[FEATURE] Add prompt caching support for providers(Currently for Anthropic and Bedrock)

### Scope check

- [x] This is **core LLM communication** (not application logic)
- [x] This **benefits most users** (not just my use case)
- [x] This **can't be solved in application code** with current RubyLLM
- [x] I read the [Contributing Guide](https://github.com/crmne/ruby_llm/blob/main/CONTRIBUTING.md)

### Due diligence

- [x] I searched existing issues
- [x] I checked the documentation

### What problem does this solve?

When building applications that repeatedly send large static context (system prompts, RAG documents, tool definitions) alongside dynamic user queries, every request re-sends the full token count. Both Anthropic and Gemini offer provider level caching mechanisms to avoid this, but ruby_llm has no way to express cache points today.

### Proposed solution

Add a `cache_point: true` keyword to `Chat#with_instructions` and `Chat#ask` that marks the static portion of a prompt as cacheable.

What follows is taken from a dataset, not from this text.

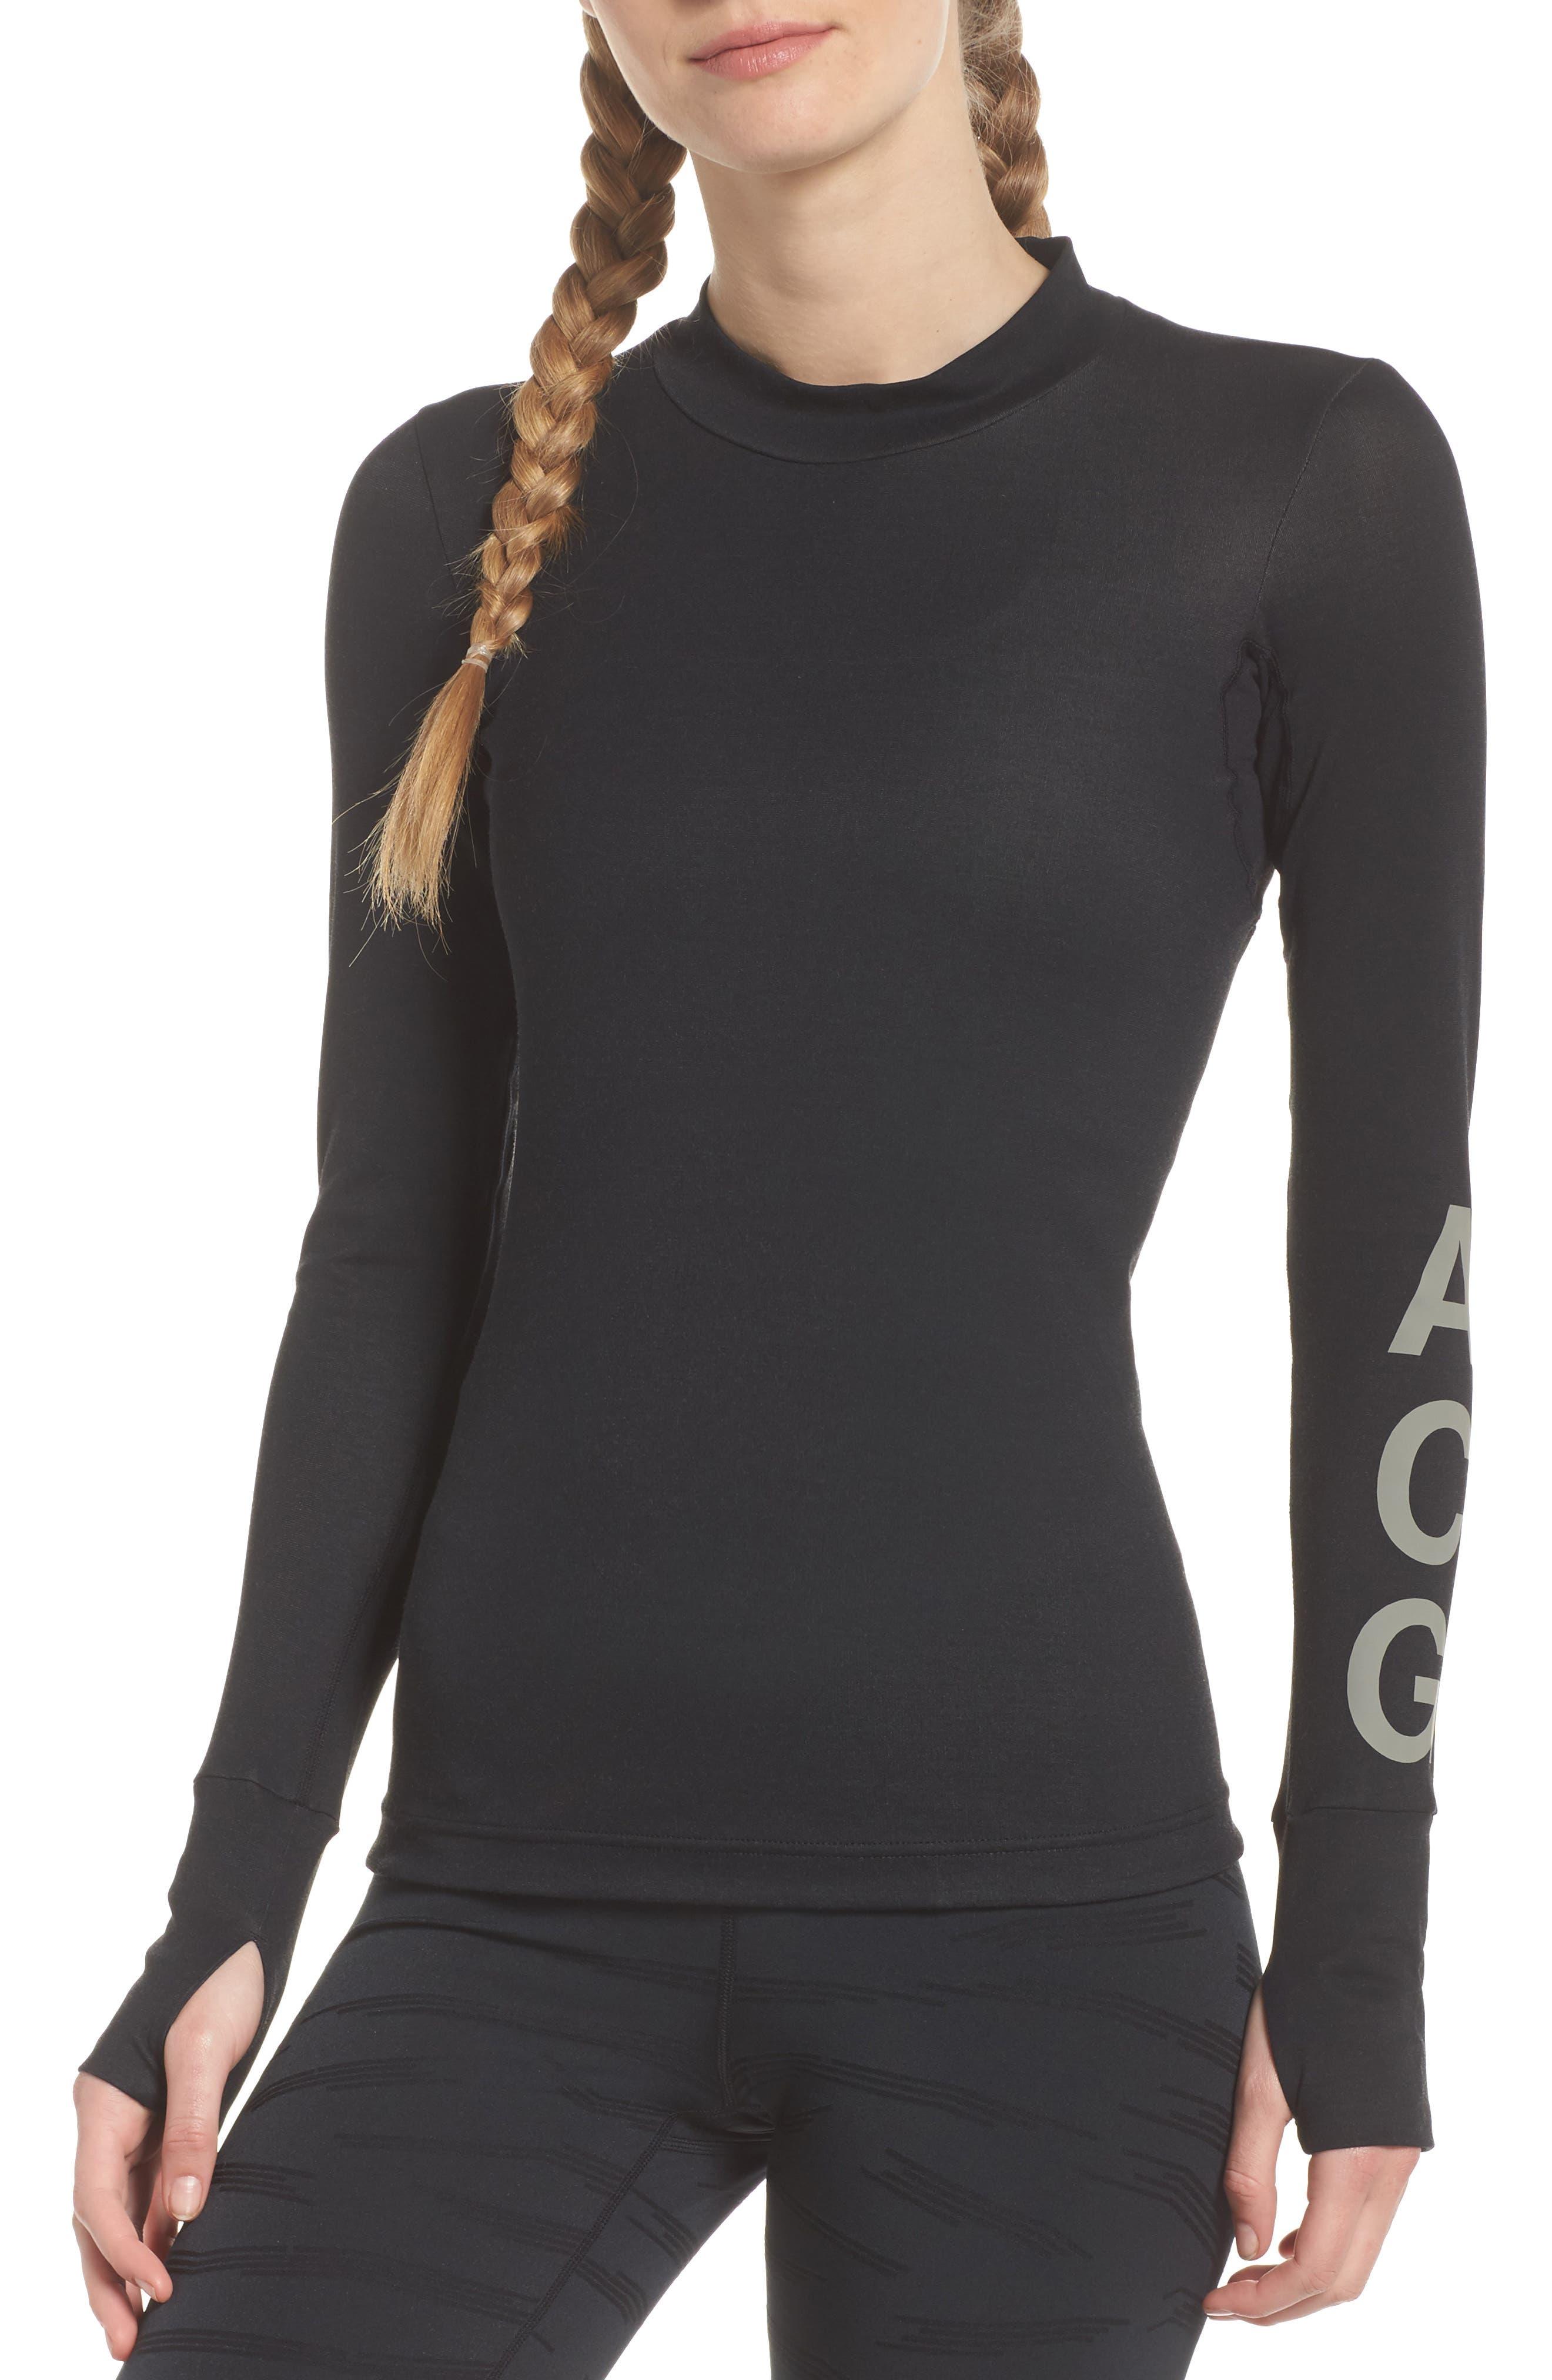 NikeLab ACG Long Sleeve Women's Top,                         Main,                         color, 010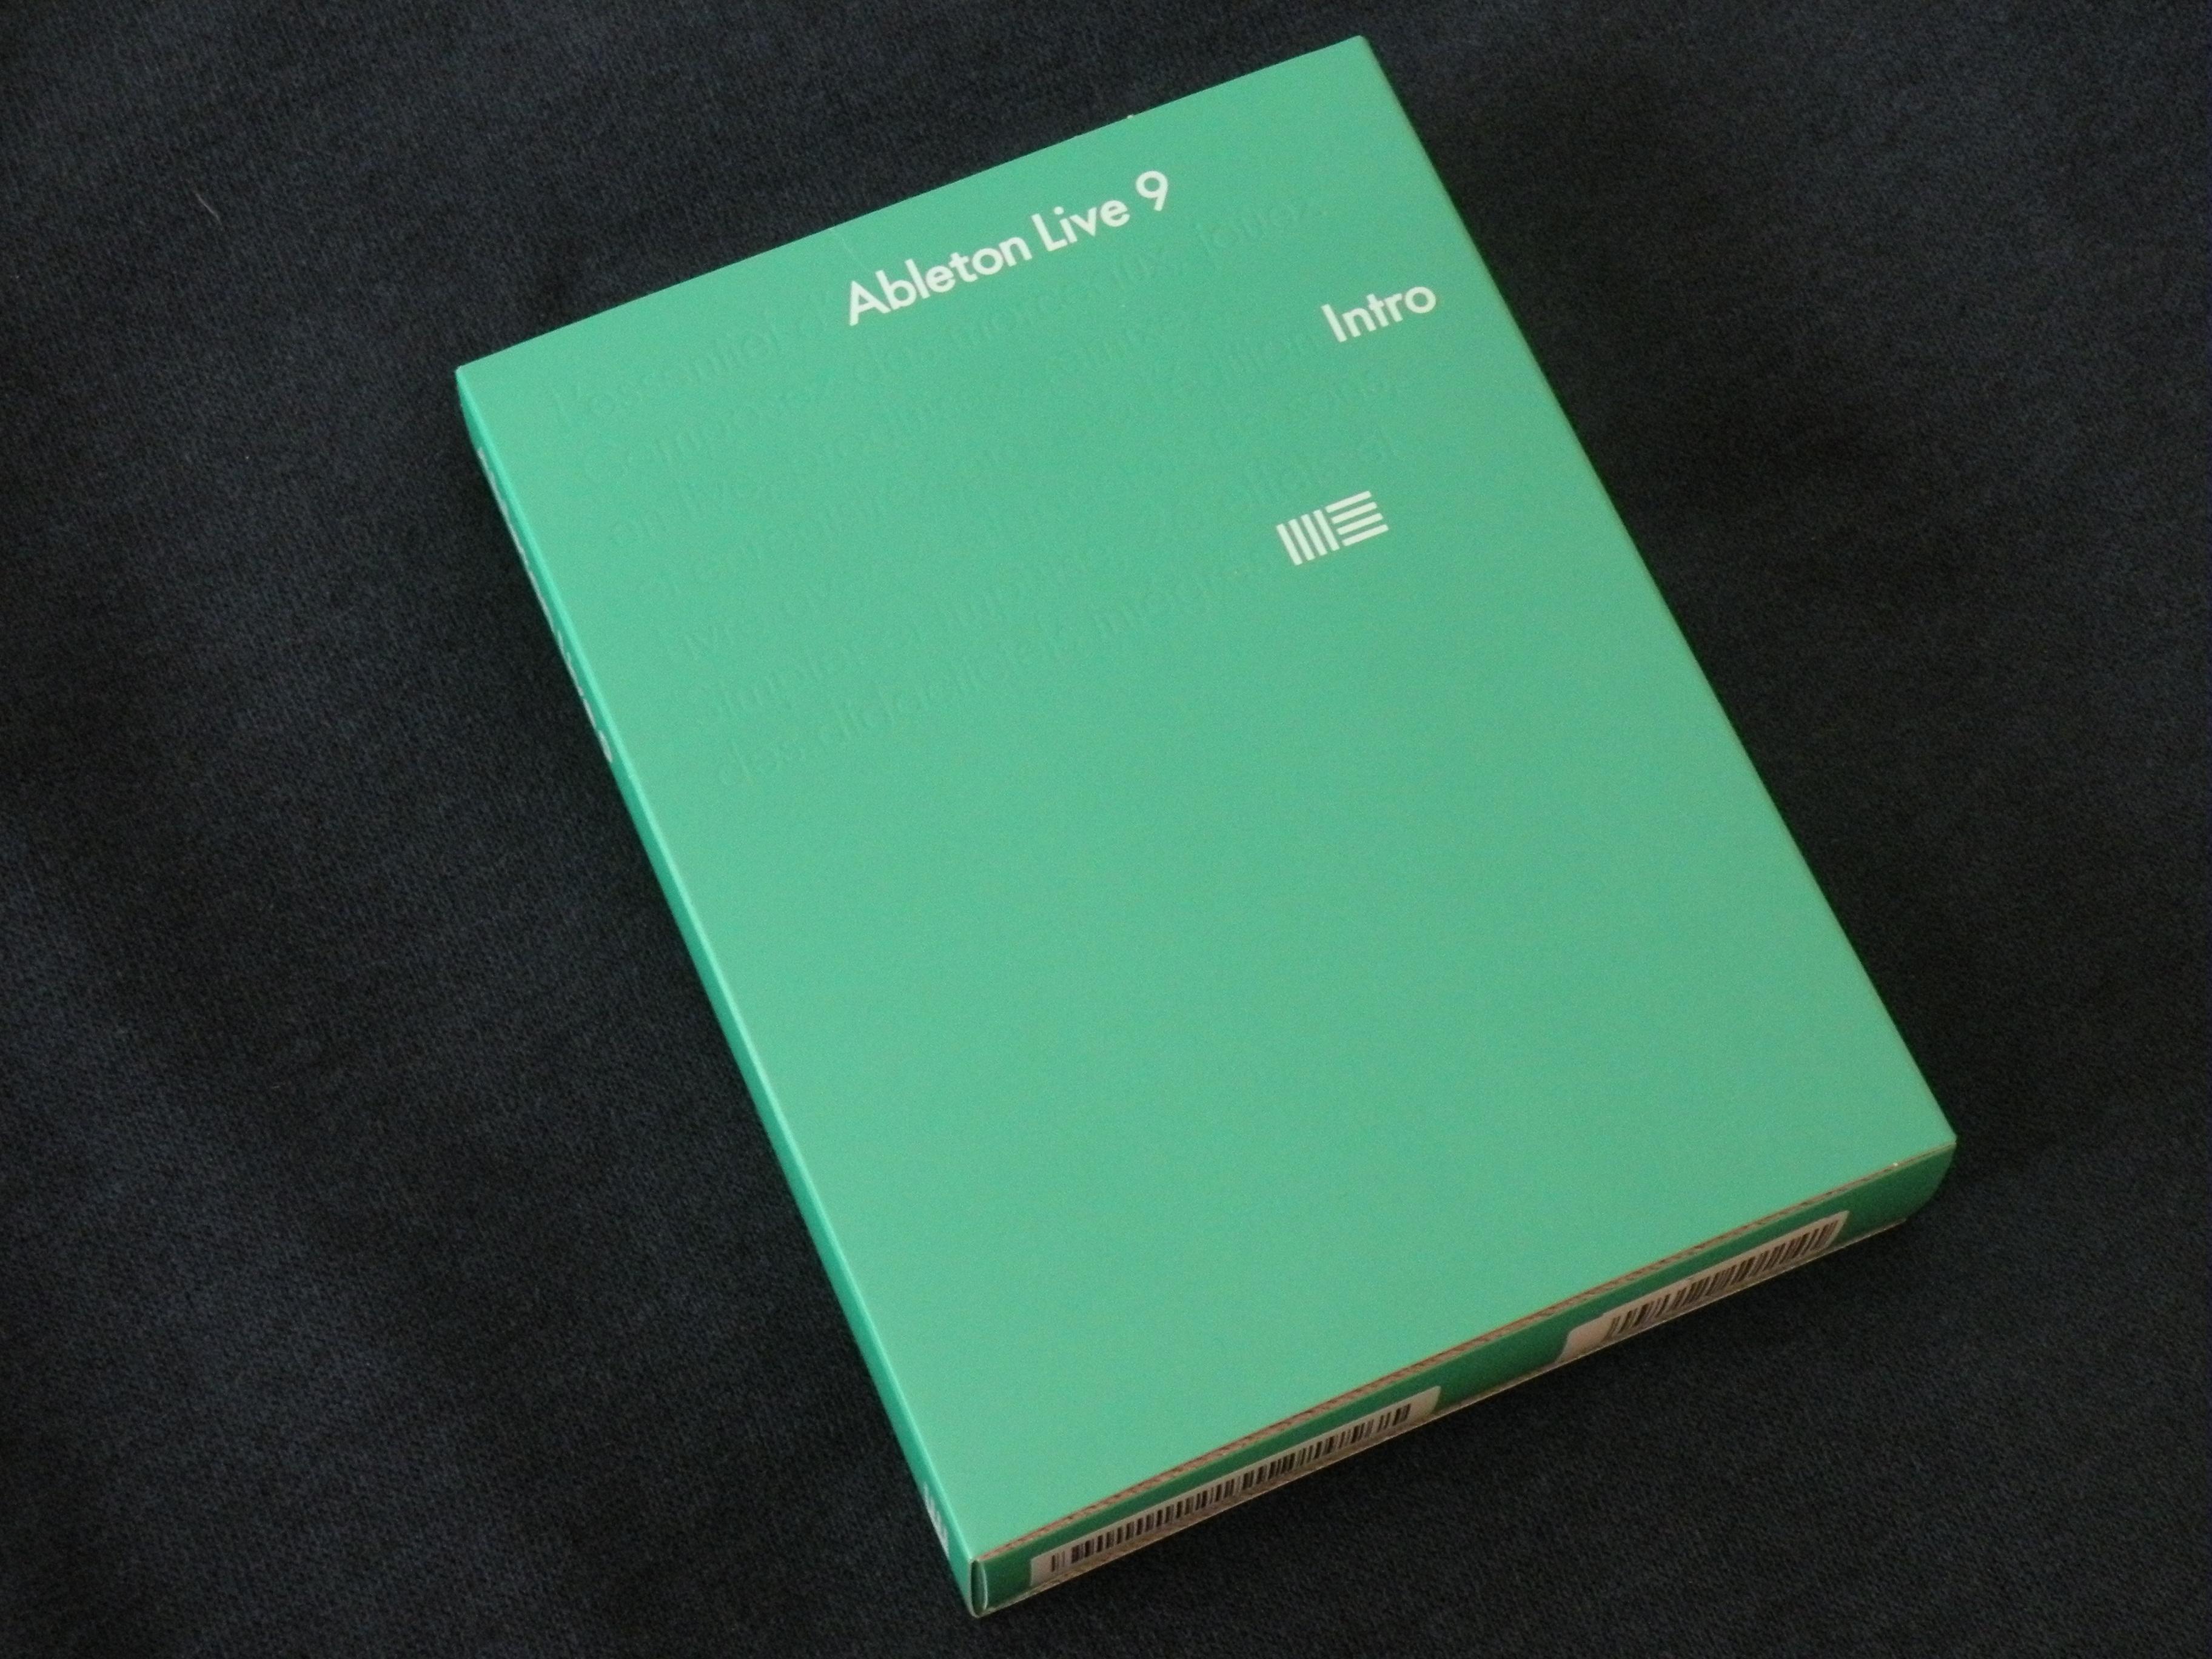 ableton live 9 intro image 929126 audiofanzine. Black Bedroom Furniture Sets. Home Design Ideas

The gem handles the provider specific implementation transparently:

Anthropic — injects `cache_control: { type: 'ephemeral' }` on the last content block of cache-pointed messages (up to 4 breakpoints per request)
Gemini — uploads static messages to the Context Caching API on first call, stores the cachedContent name on the chat object, and references it in subsequent generateContent requests instead of re-sending inline.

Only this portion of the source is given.